As an unsuccessful for a city council seat once said in response to finishing last in a multiple-candidate race: “The people have spoken—the bastards.”
Actually, the people are the smart ones in this shutdown that should never have happened. They are also the victims, a fact that still seems not to have gotten through the heads of people like Cruz, and Misters Boehner, Lee, Issa and their ilk. After 24 billion in lost moneys to the United States Government and U.S. taxpayers, after thousands of government job and man hours and paychecks lost for almost a month and a near-default avoided only at the last moment, it was the rest of the country that lost. And isn’t it strange that the guy who couldn’t muster a quorum or wouldn’t call a vote actually had 88 Republicans vote for the deal—a punt to January—faster than you could say let’s get out of town.
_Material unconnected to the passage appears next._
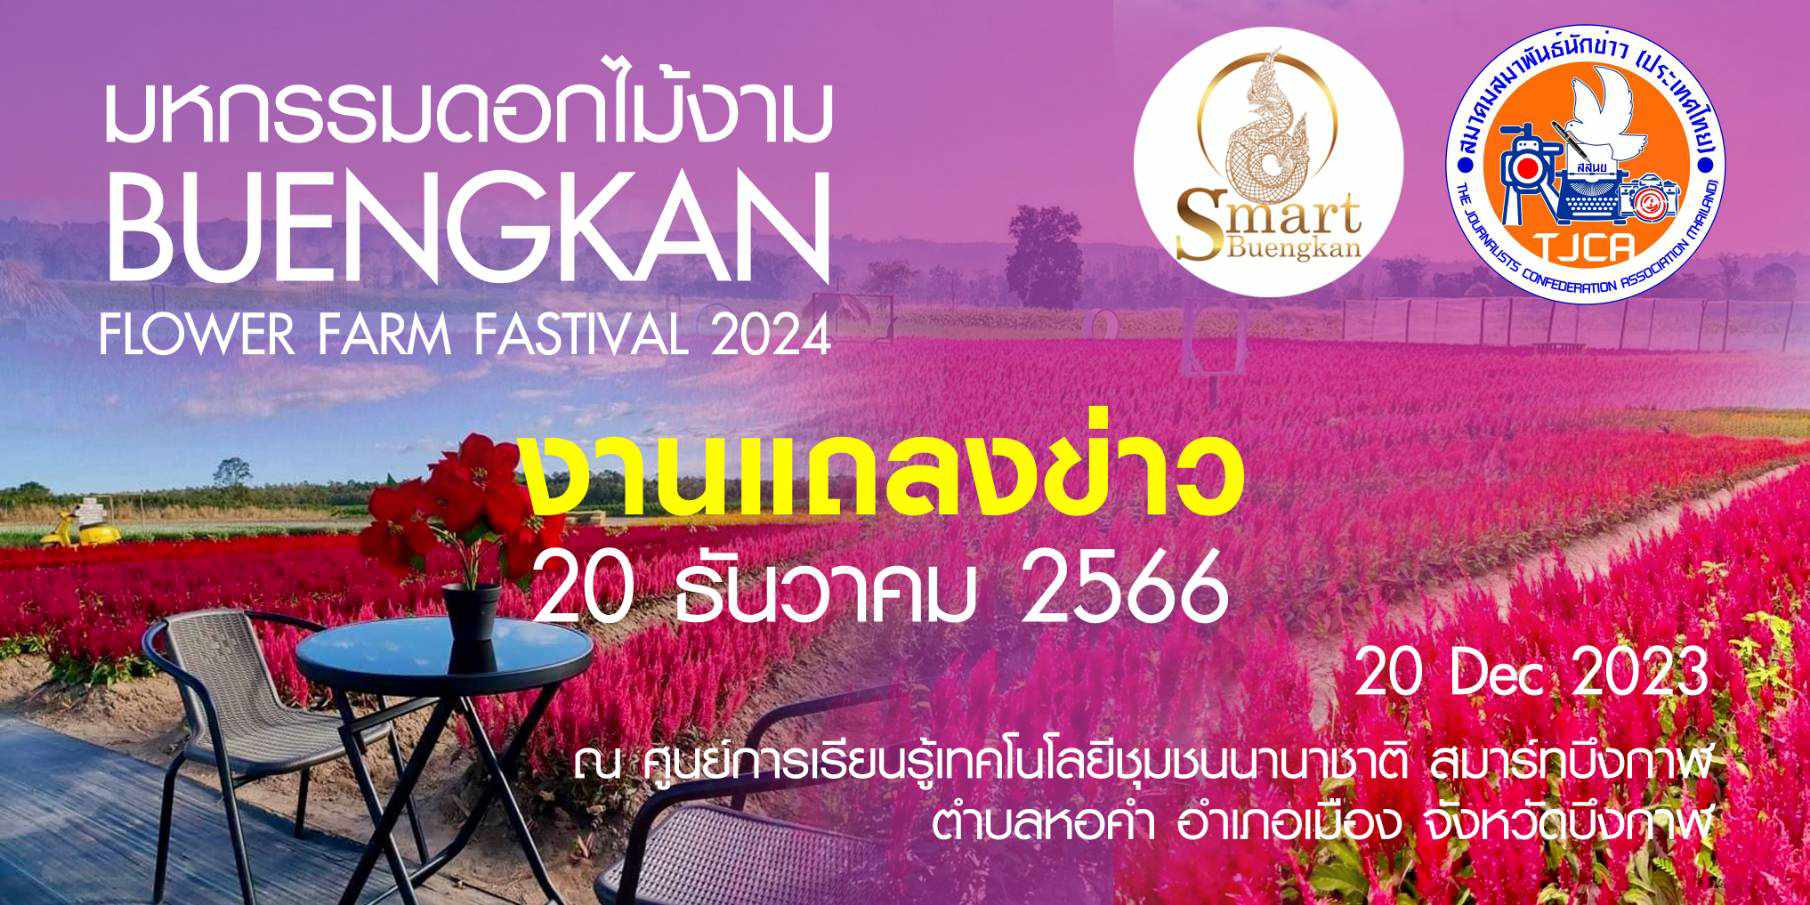 งานแถลงข่าว “Smart Buengkan Flower Farm Festival 2024” ในวันพุธ ที่ 20ธันวาคม 2566เวลา 17.00น.ณ ศูนย์การเรียนรู้เทคโนโยลีชุมชนนานาชาติ สมาร์ทบึงกาฬ ตำบลหอคำ อำเภอเมือง จังหวัดบึงกาฬ
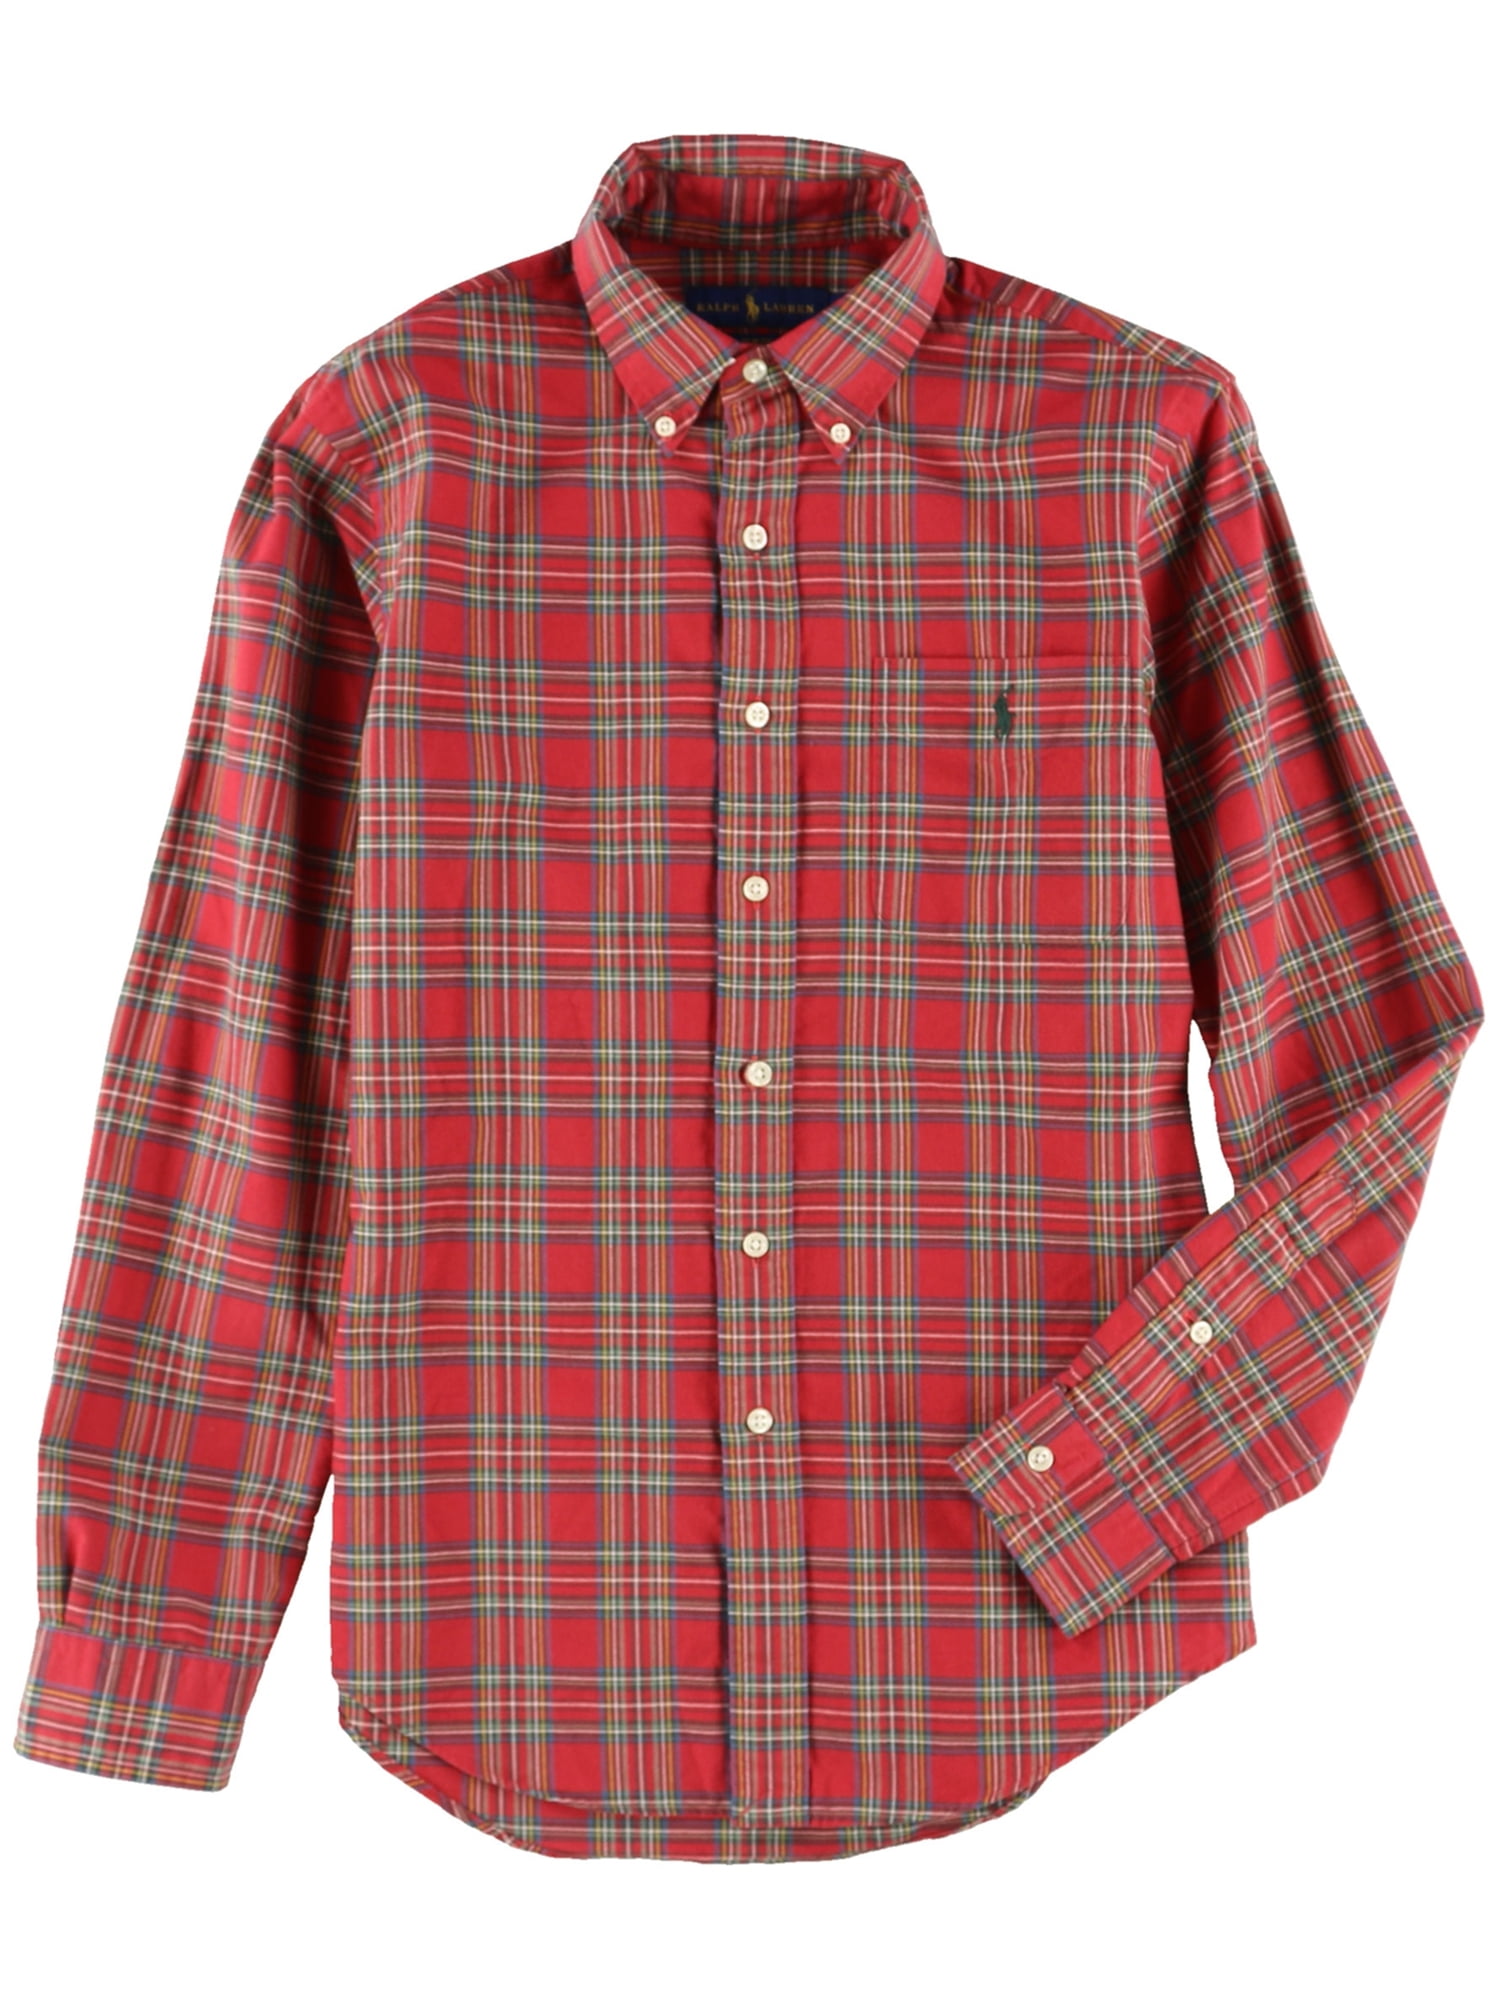 men's polo ralph lauren button down shirts on sale

“We fought the good fight and we lost,” said a resigned—just a mood, not a fact—House Speaker John Boehner. Wrong, Mr. Speaker. You lost, but so did the American people and it was not a good fight. It was stupid, wrongheaded, irresponsible and reckless fight, and in terms of Mr. Cruz, cynical. This was the guy who kept telling everybody that the polls weren’t harming the GOP, that the fight was winnable, and, standing in front of World War II veterans being used as a photo op at the WWII Memorial, wondered out loud who could do such a thing as keep the vets from seeing the memorial. Why you could, Mr. Cruz. Cruz was unrepentant in the end and insisted that he would “do anything necessary to get rid of Obamacare.”
Everybody else, including many angry veteran Republicans in the House and the Senate, were angry at the backlash, at the fruitless stratagem which may have, if not fatally, certainly seriously hurt the GOP’s politically. But then this was never more about anything else but politics. I heard a cabdriver hesitantly tell me in response to the shutdown, which hurt cab drivers in their pockets, like everyone else in this city, that it seems strange to foreigners that America still insists on telling other countries how to run their affairs when they can’t seem to be able to run their own. The politics of dysfunction and paralysis seems pretty obvious to everyone.
With Obamacare seemingly about to implode under the burden of—get this, too many people unable to get on the website—it seems likely the GOP will now settle for calling for hearings with the intent of permanently downsizing Kathleen Sibelius, head of the Department of Health and Human Services, at least for now. Most people think the GOP could not possibly push for another shutdown scenario.
Don’t count on it. January next is coming fast. Do your Christmas shopping now.